- **ASSIGNMENT**
Give again, word for word, the line holding "Free Fire no" and every line after it through the end of the data below. Omit pictures.

- **INFORMATION SUPPLIED**

--------------------------------

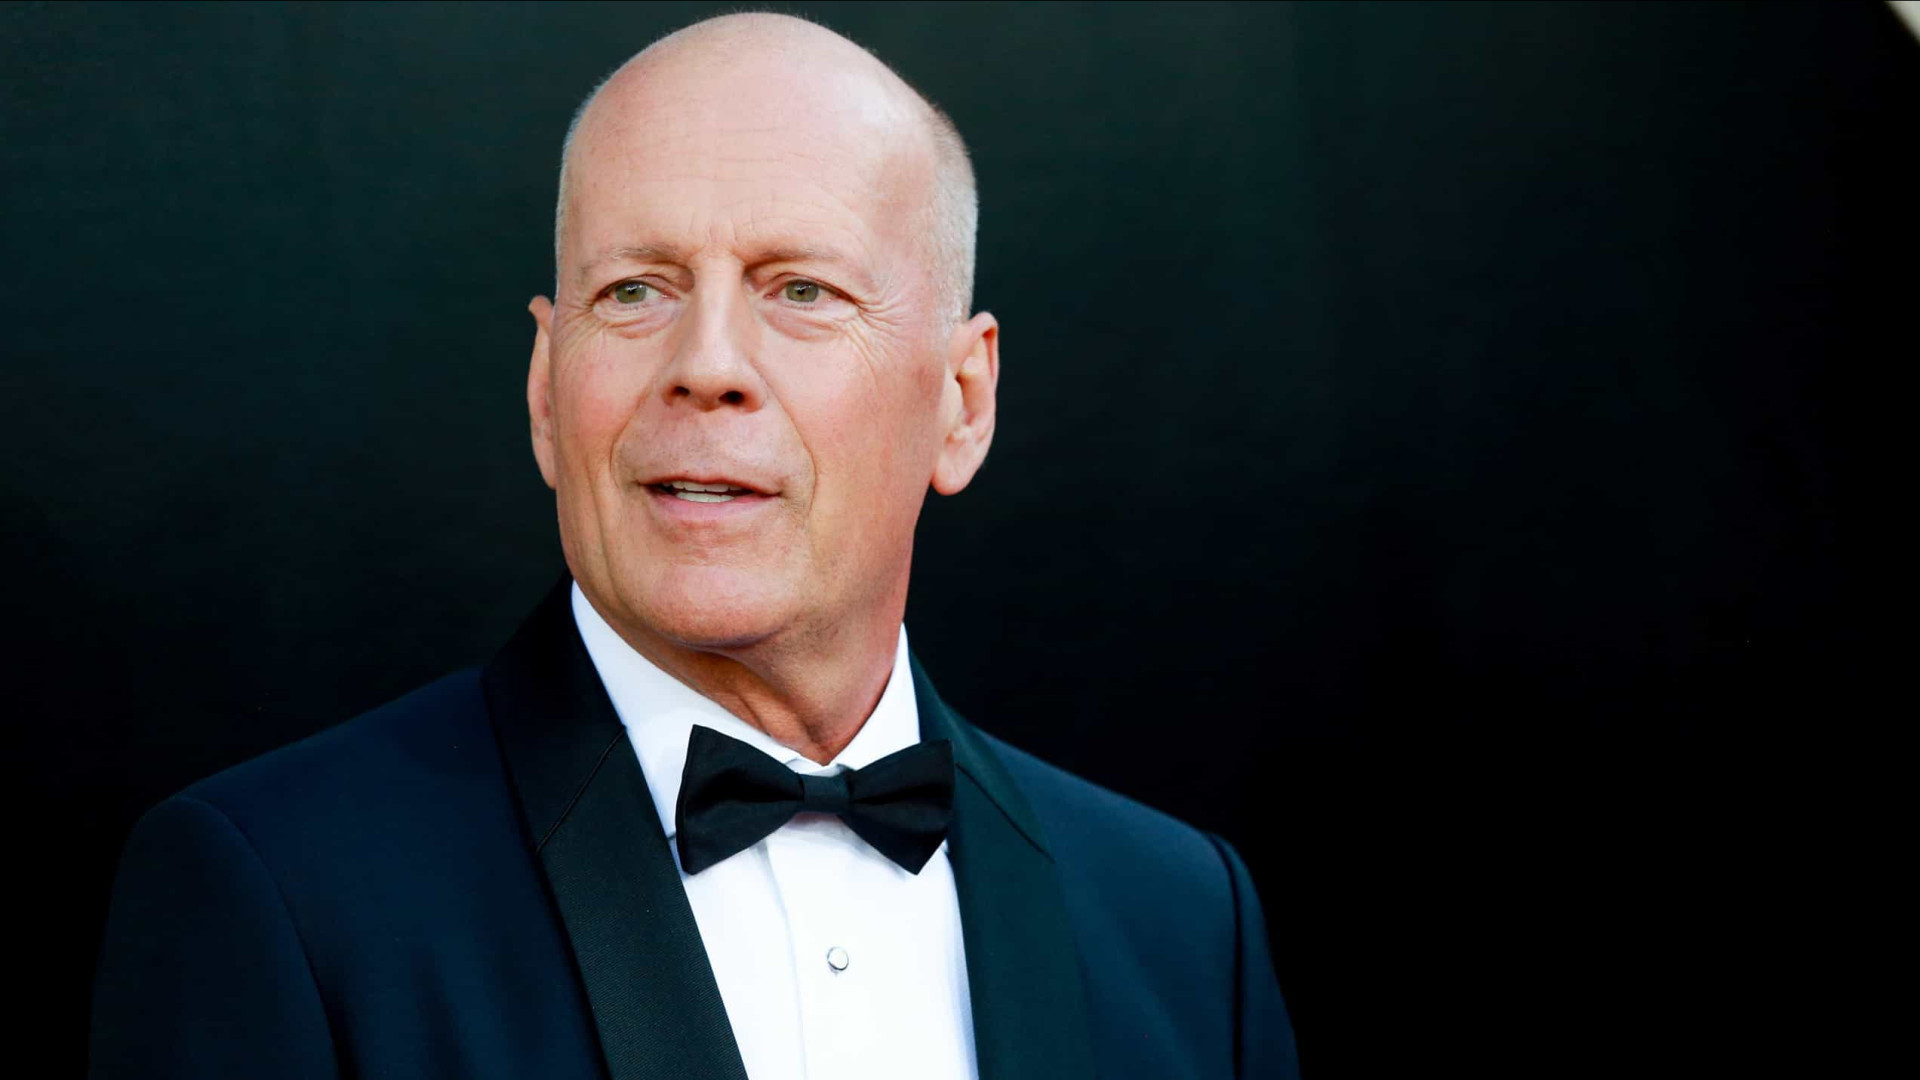 Bruce Willis é diagnosticado com demência frontotemporal
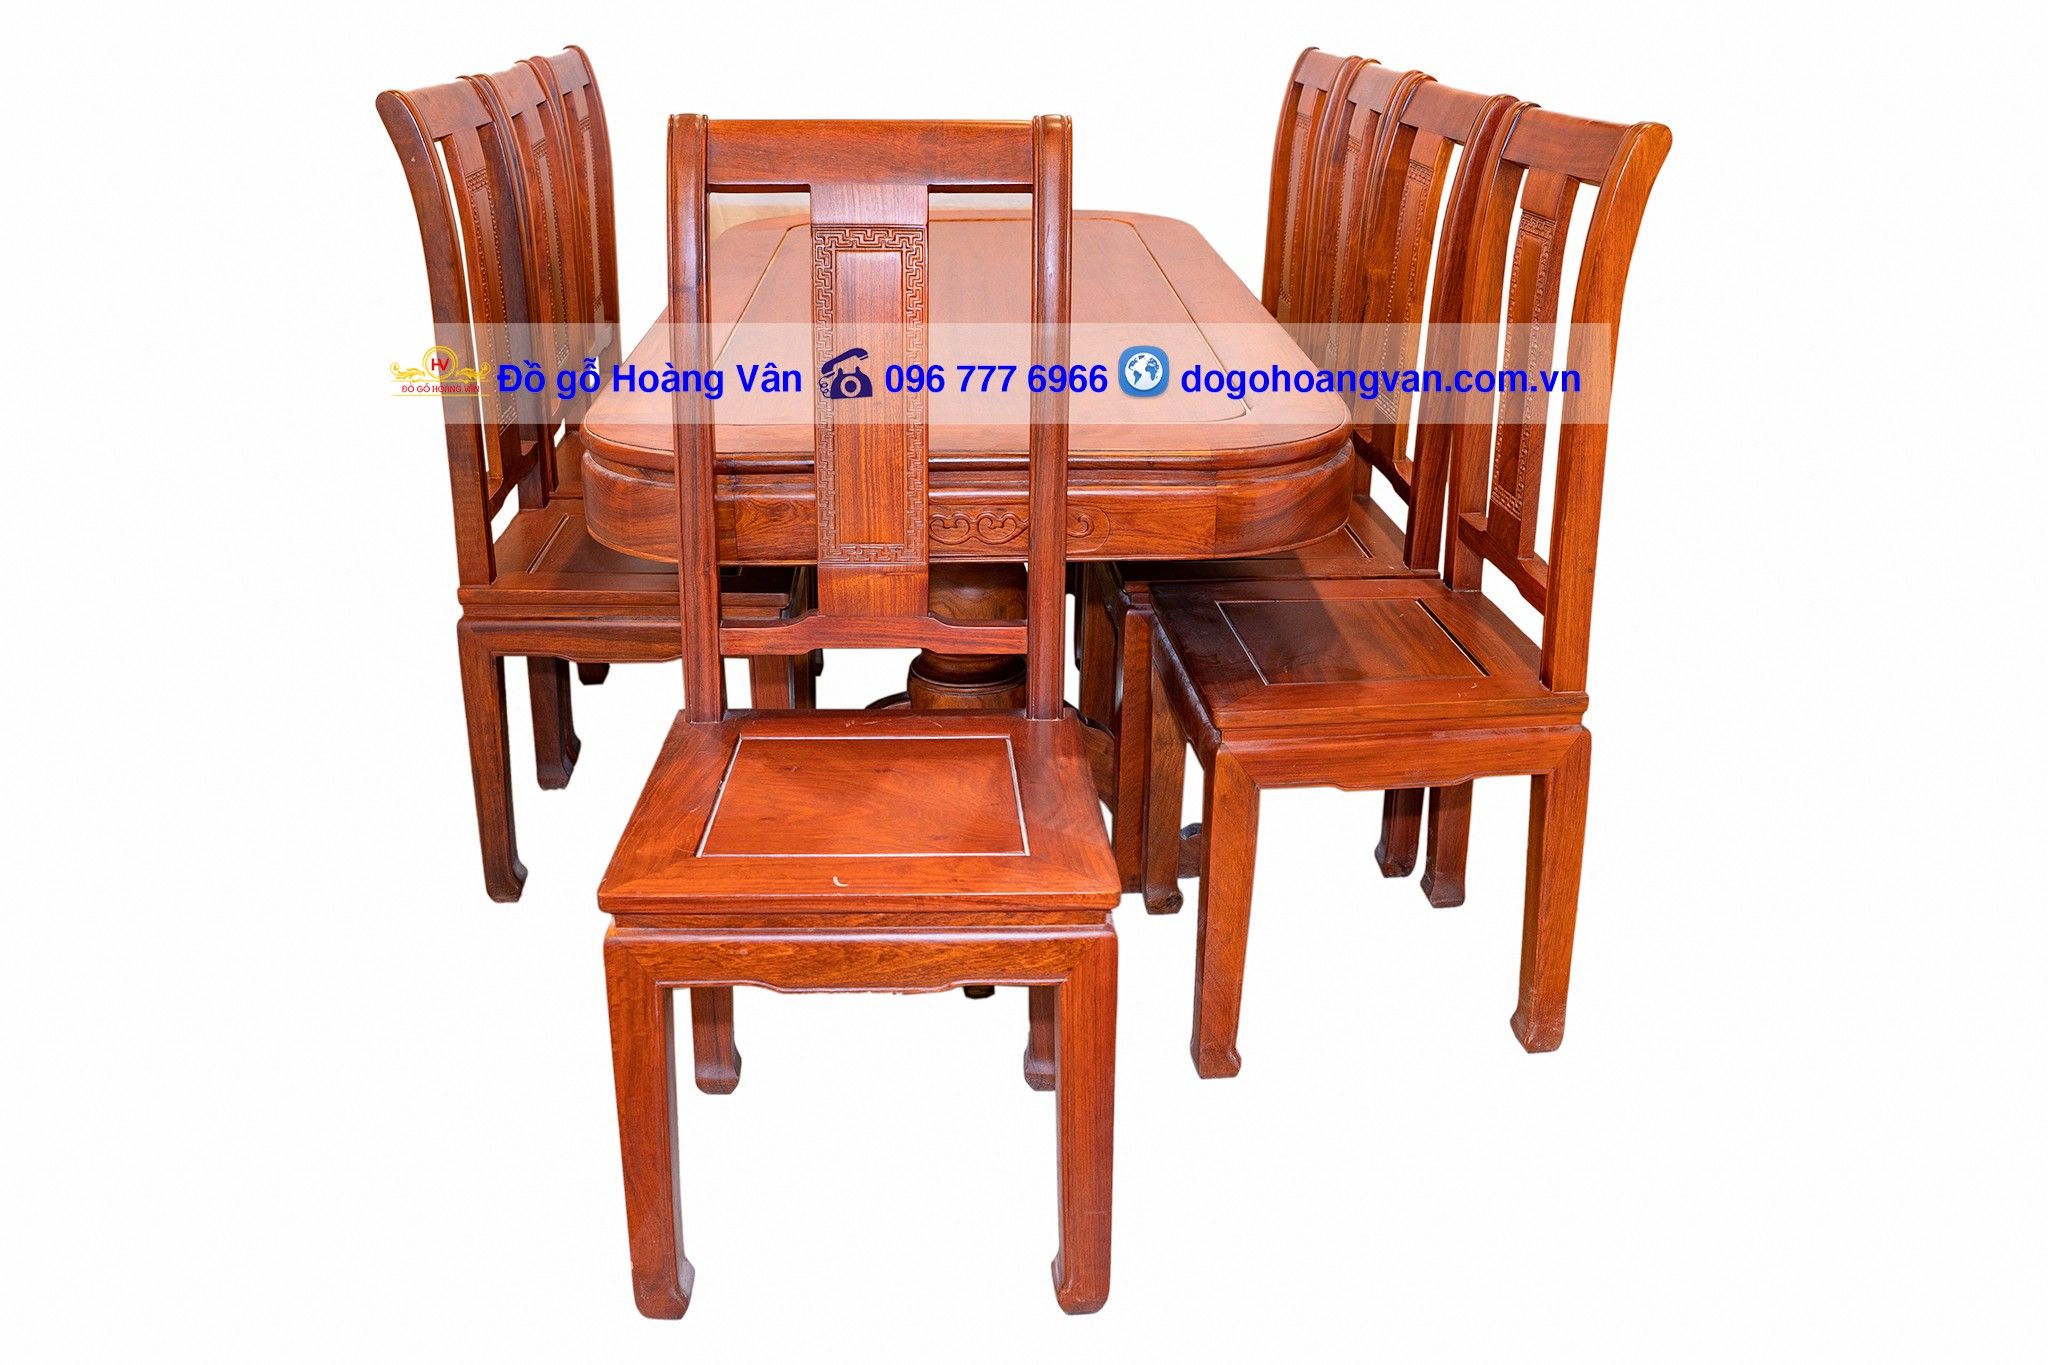 Bộ bàn ăn đẹp đơn giản kiểu bàn bầu dục BA36 – Đồ gỗ Hoàng Vân
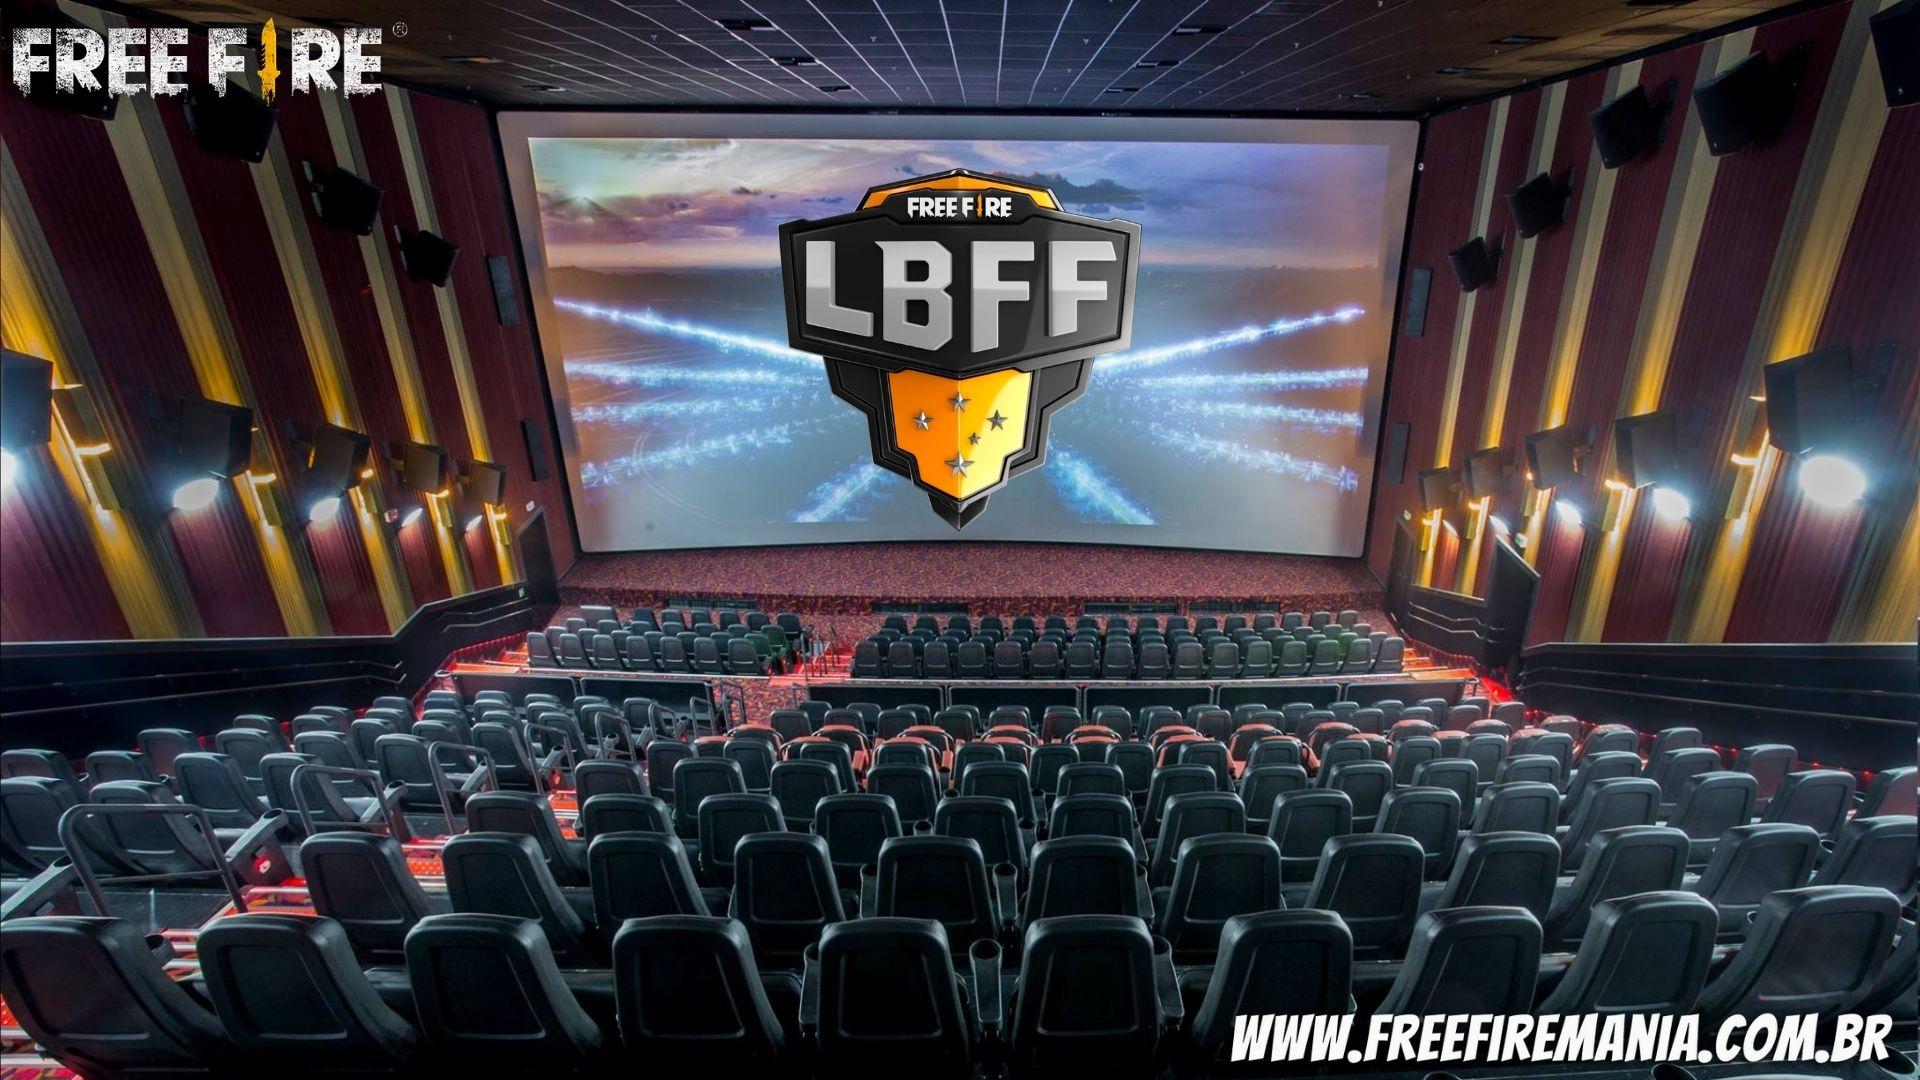 Free Fire no Cinemark: com direito a CODIGUIN, final da LBFF será transmitida no cinema
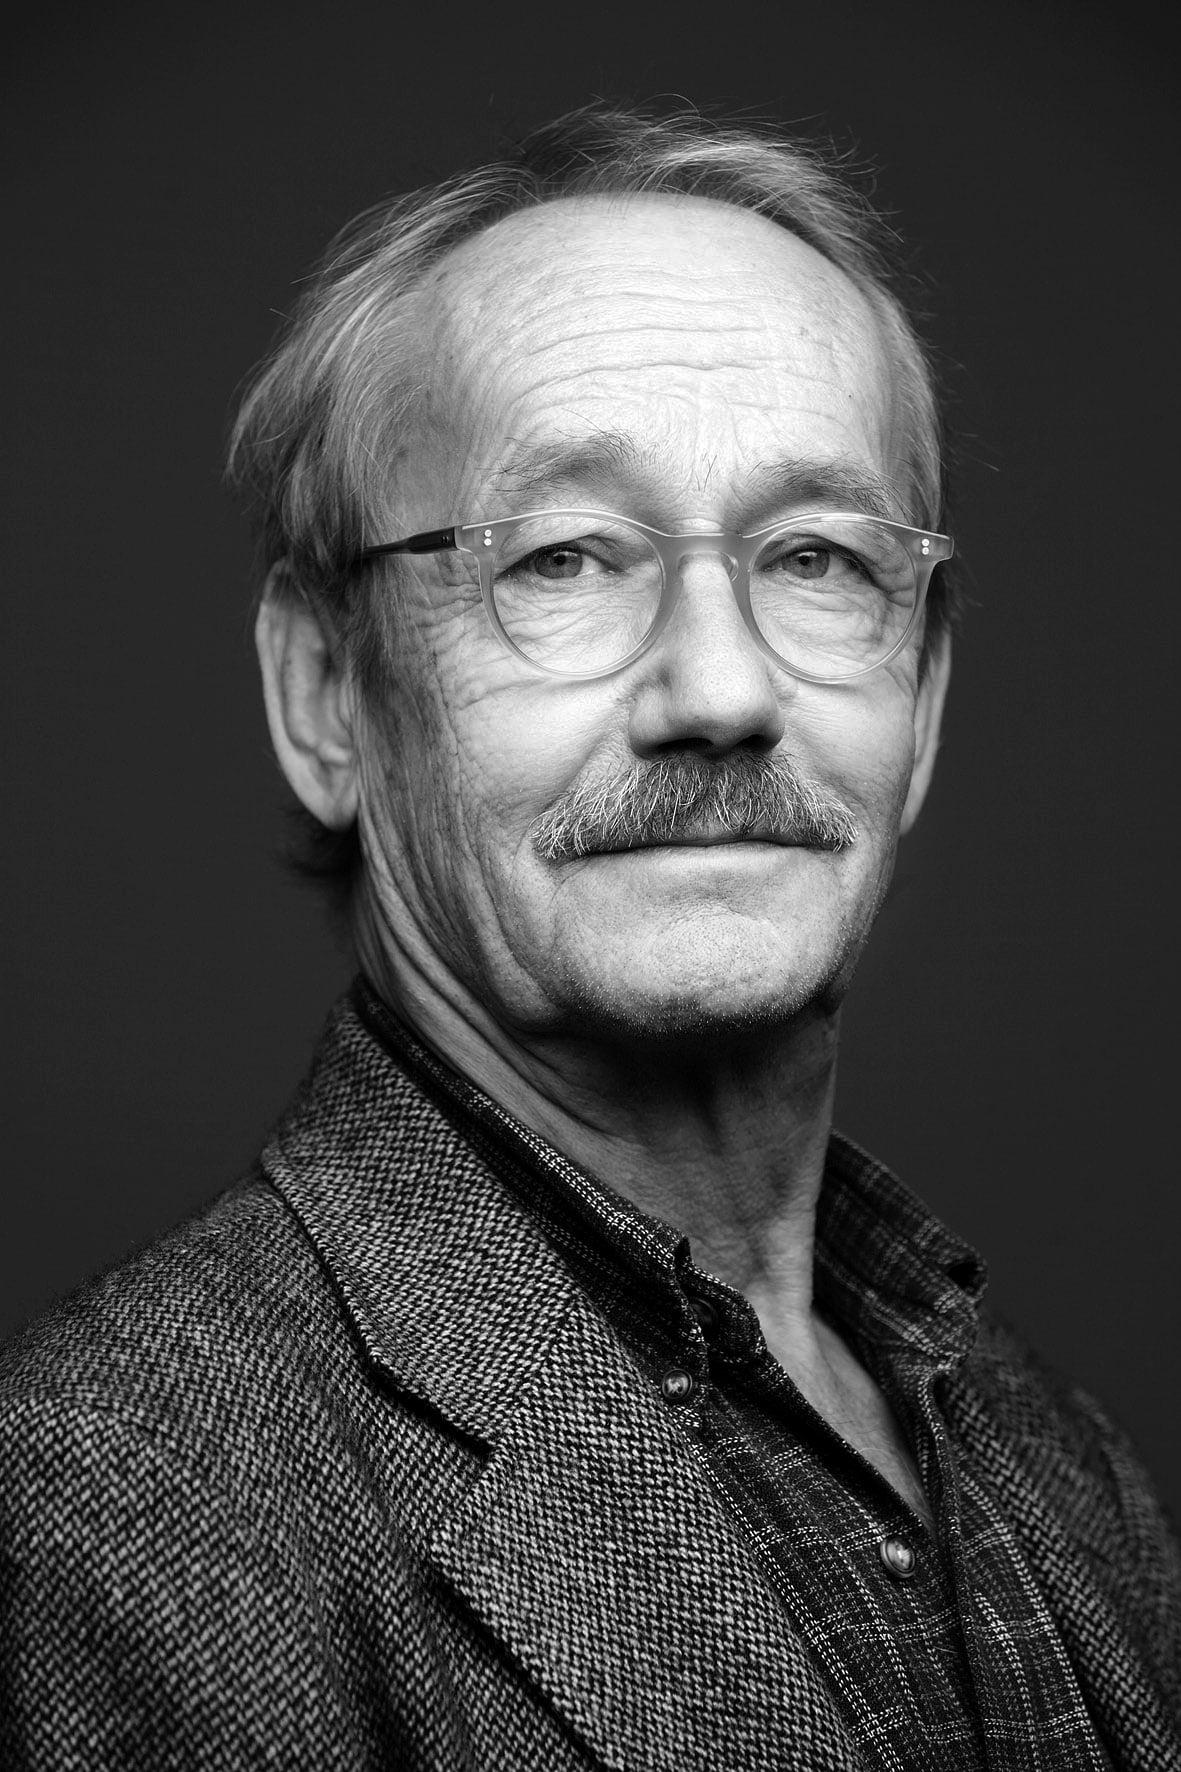 Gösta Ekman | John Smith, Police chief of Säpo

--------------------------------

- **RESPONSE AREA**
 Free Fire no Cinemark: com direito a CODIGUIN, final da LBFF será transmitida no cinema
 Gösta Ekman | John Smith, Police chief of Säpo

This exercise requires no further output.